▶ [WORK TASK]:
Going from the line that contains "Hat einen C-Verschluss." down to the last line in the listing below, reproduce every line exactly and include no others.
BEGIN MATERIAL SUPPLIED
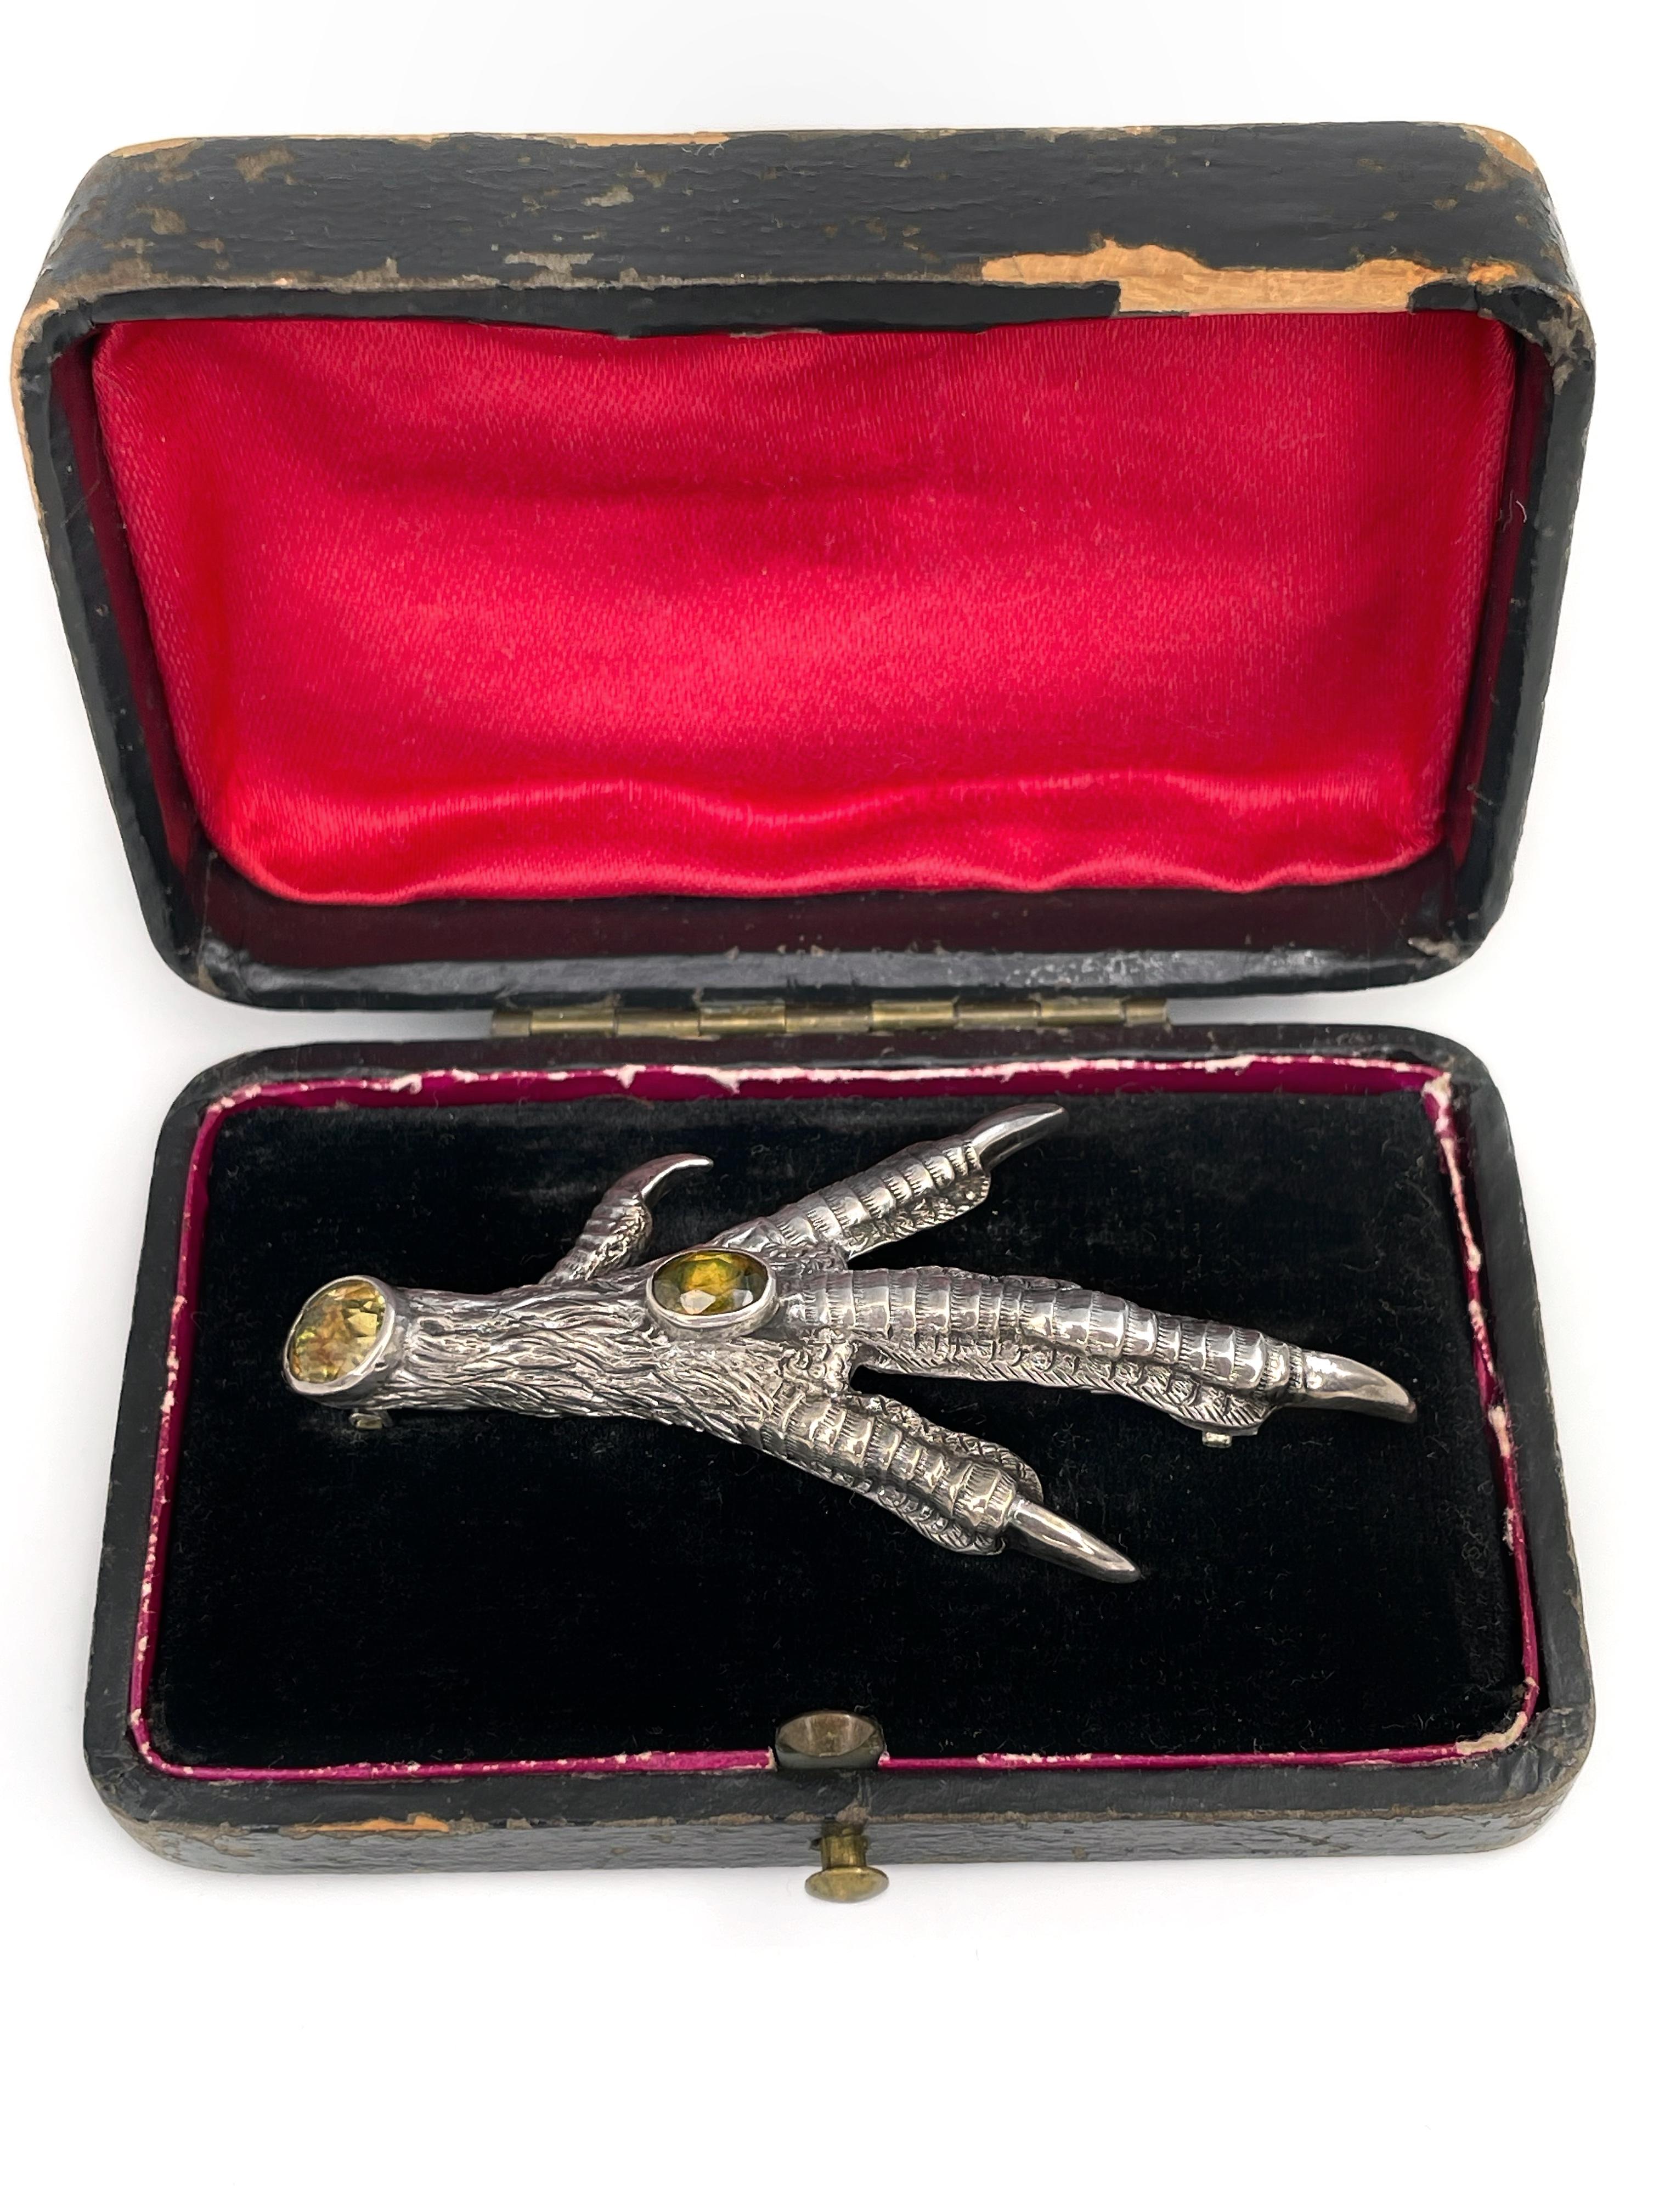 Dies ist ein viktorianischer Vogel Klaue Form Pin Brosche in Silber gefertigt. Um 1890. Das St�ück ist mit Zitrinen besetzt.

Hat einen C-Verschluss. 
Kommt mit einer originalen antiken Schachtel.

Gewicht: 6.45g
Größe: 6x3cm

---

Wenn Sie Fragen
END MATERIAL SUPPLIED
▶ [RESULT OF THE EXERCISE]:
Hat einen C-Verschluss. 
Kommt mit einer originalen antiken Schachtel.

Gewicht: 6.45g
Größe: 6x3cm

---

Wenn Sie Fragen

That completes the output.